In my understanding—which I admit may be limited in this regard, hence why I'm asking here—although there is no strict or standardised set of definition(s) or distinction(s), a generally accepted perspective has, as is often the case, gradually taken form as computers have progressed over the years.

If I comprehend the subject correctly, the basic idea¹ nowadays is that extensions, apps, services, themes, and plugins that are not installed by default are distinct types of addons. Some examples, as well as a quick diagramme I constructed to illustrate my description, are below:

enter image description here

  • Extensions
    • Firefox Extensions
    • Chrome Extensions
    • Opera Extensions
    • Etc...
  • Apps
  • Services
  • Themes
    • Chrome Themes
    • Firefox Themes
      • Personas (first changed to "Background Themes", now just "themes")
      • Complete Themes
  • Non-Default Plugins
    • Certain programmes give the option to install plugins into one's browser to extend said programme'(s') functionality into said browser.

¹ Expectedly, there are some vague points where common demarcations are not quite so clearly known: for example, would a font be considered a system extension or, because it is something that is added on to the browser's set of capable functions would it be considered perhaps a type of plugin? Personally, because usage of said font(s) is typically not specific to just the browser, I don't think it would be. Although others' viewpoints may differ. There are undoubtedly other grey areas as well...

  • Themes are look and feel changes only. That much is certain.
    – cybernard
    Aug 13 '15 at 23:54
  • FireFox apps are only for the FireFox operating system, and yes there is such a thing.
    – cybernard
    Aug 13 '15 at 23:58
  • Extensions are dependant on the host application. IE without firefox a firefox extensions does nothing.
    – cybernard
    Aug 14 '15 at 0:02
  • What a wonderfully formatted post. @cybernard So many comments you might as well post an answer :)
    – MC10
    Aug 14 '15 at 0:02
  • @cybernard: Yes, I know that themes are look and feel only. I never denied as much. Also, yes, Firefox apps are most certainly possible for non-Firefox-OS platforms. You can use many of them in Firefox for Windows, for instance. Aug 17 '15 at 19:05

Each term has its own meaning which is not limited for world of browsers. This is my attempt do show merits of these terms:

  • App(lication) - stand-alone task-focused program. It runs in its environment, for example in operating system or browser.

  • Extension - program which is not standalone, but adds new capabilities to existing application

  • Plugin - like extension, but usually with clearly visible boundaries. While extension can modify many underlying functions of the system, plugin is understood as extension for single well-defined task. But it depends, see below the list.
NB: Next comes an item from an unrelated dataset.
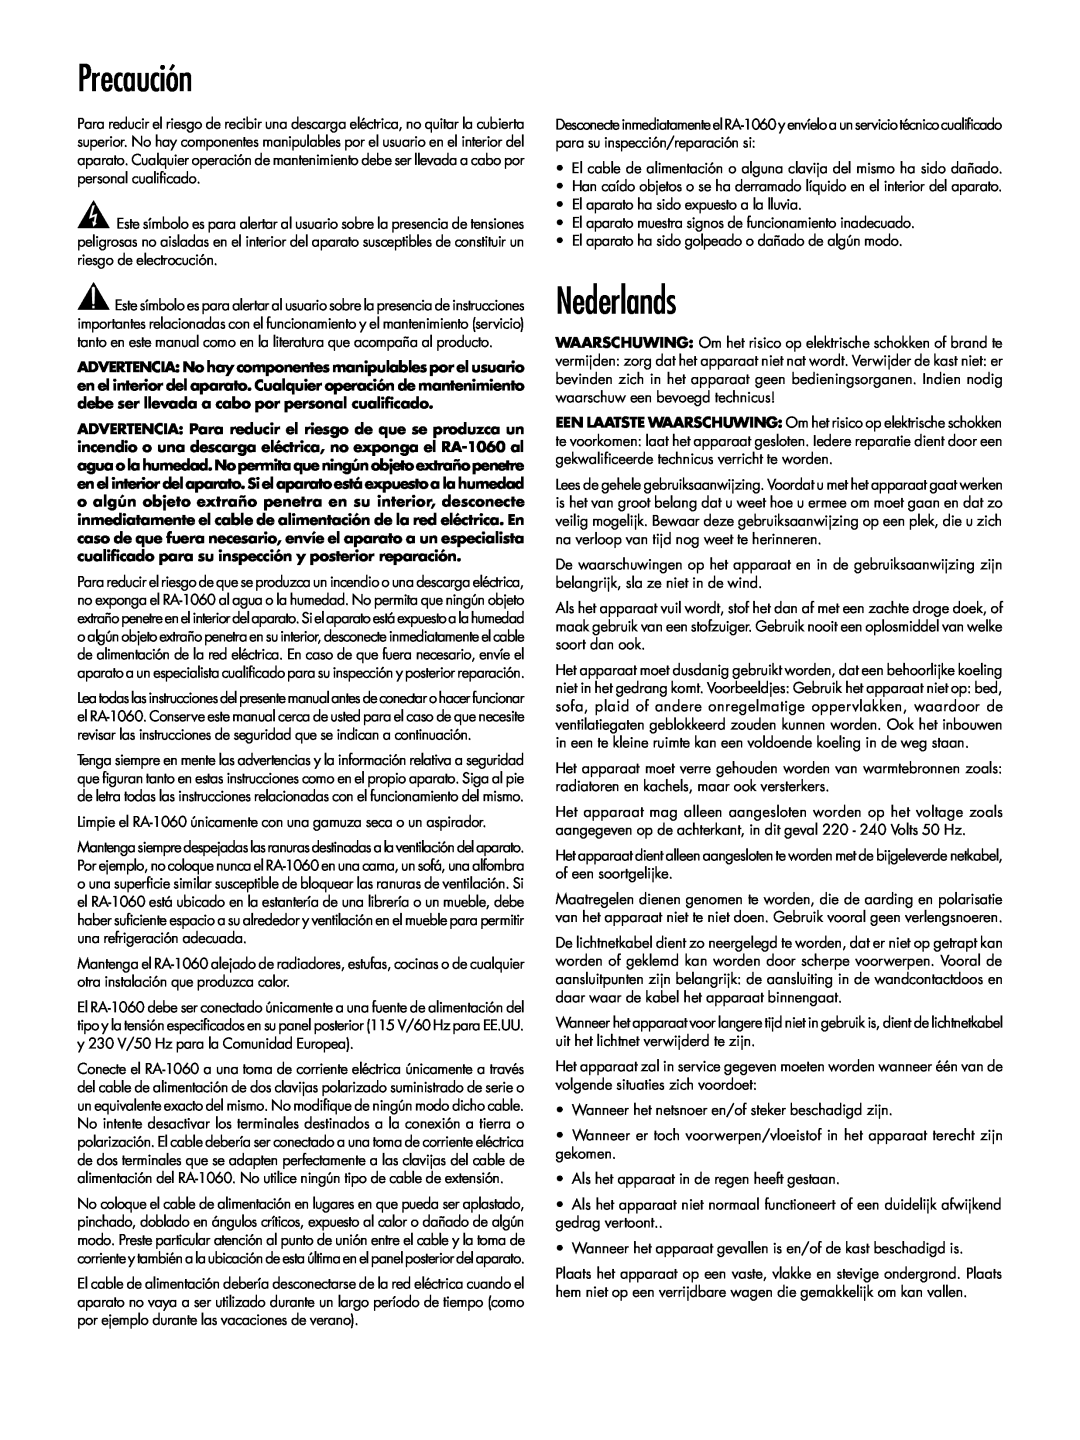 Rotel RA-1060 owner manual Precaución, Nederlands

  • Service - technically, program which runs on the background and serves requests. Socially, a platform serving content and/or building community.
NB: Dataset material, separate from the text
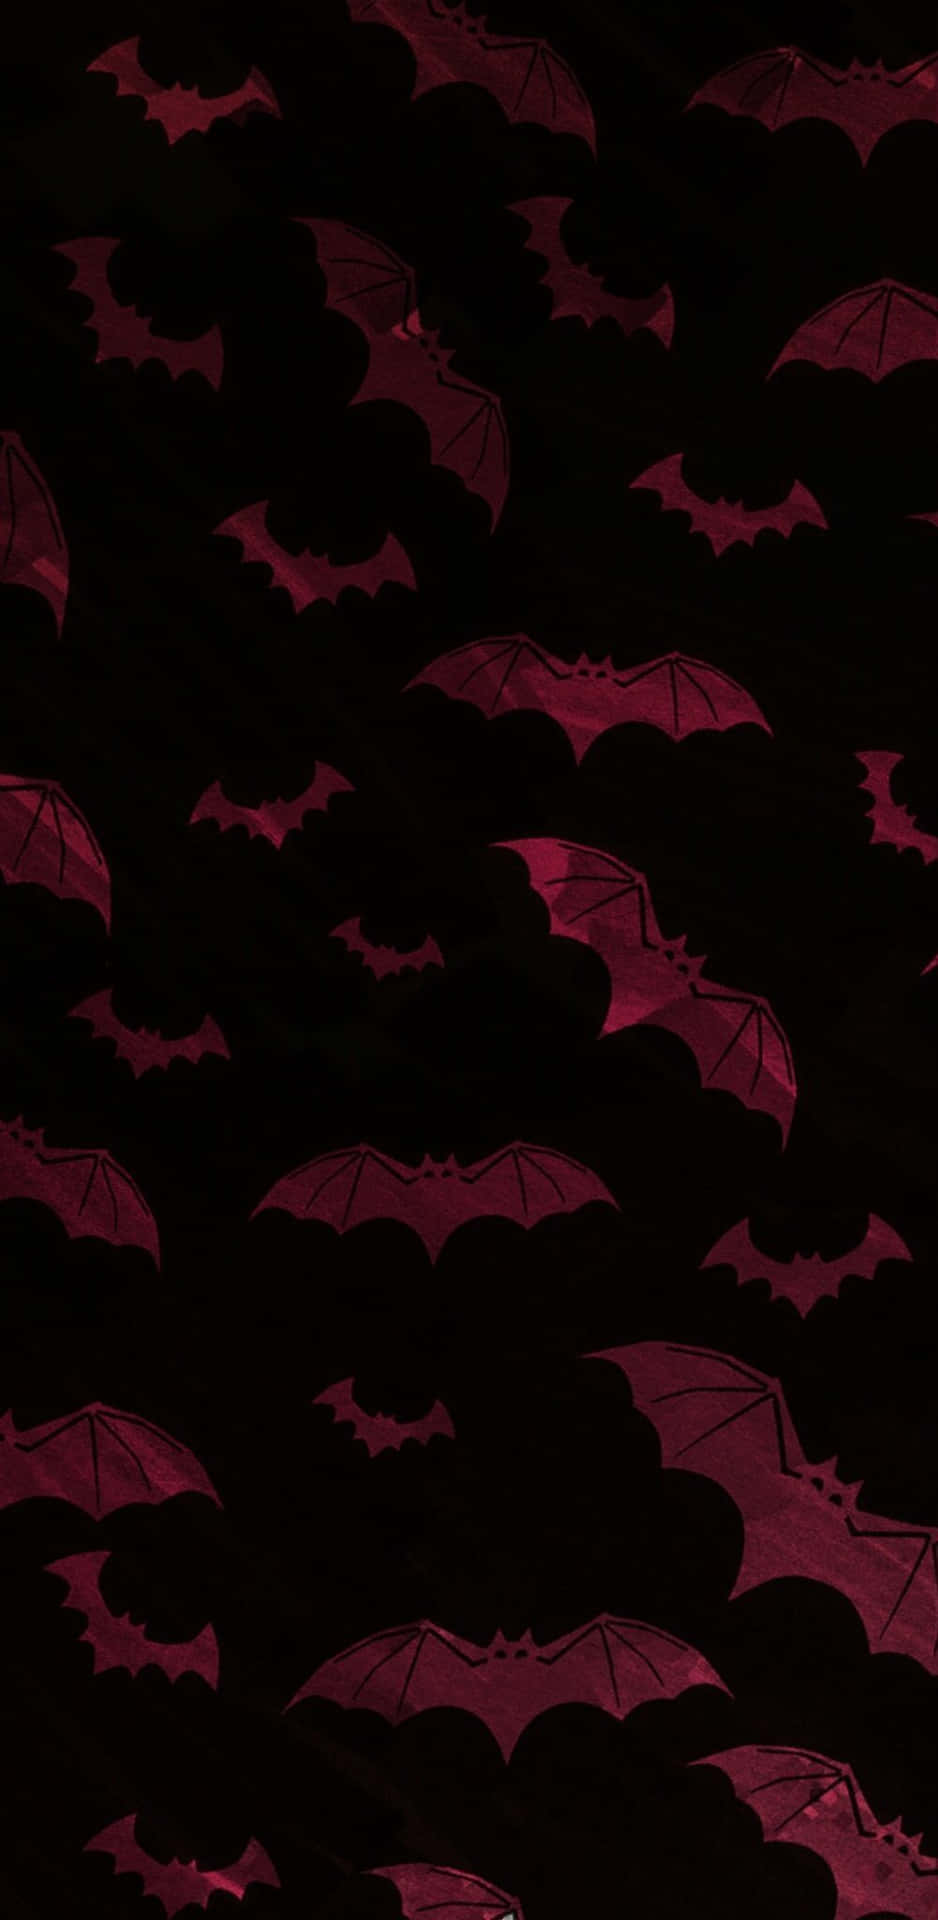 Shadow Bats In Moonlit Sky

  • Theme - visual modification of existing user interface.

Important: these terms have their meanings indicated by their names. But they are vague and used based on customs/feelings in particular platforms/communities. For example, addon, add-in, plugin and extension can pretty much mean the same thing. And this list is not limited, for example, a marketing department of some painting program can come with term "splash-in" or "PowerHelper". So even marketing can have its role here, too. Term service is used in two different contexts as I indicate. Only apps and themes have somewhat fixed meaning. Themes were sometimes called skins. Maybe apps can be distinguished as small and handy programs when compared to program suites. Calling Adobe Illustrator or Microsoft Excel an "app" looks odd (at least to me), it is still more an application than app. But do not try to generalize differences between addon, add-in, plugin and extension, but instead, learn which community/platform/application uses which term, form example:

  • Outlook has add-ins
  • GIMP, IrfanView of Photoshop have plugins
  • Firefox has addons
  • Visual Studio has extensions
  • Microsoft Management Console has snap-ins
  • etc.

If some platforms use multiple types at once, the main thing is to learn difference between them, but again, it is only in context of that platform. For example, Joomla! CMS has components, modules and plugins, all covered by term "extensions". But it has also "languages", what is just another type of extension. You see, everybody uses what fits their world, the same term often has different meanings on different platforms.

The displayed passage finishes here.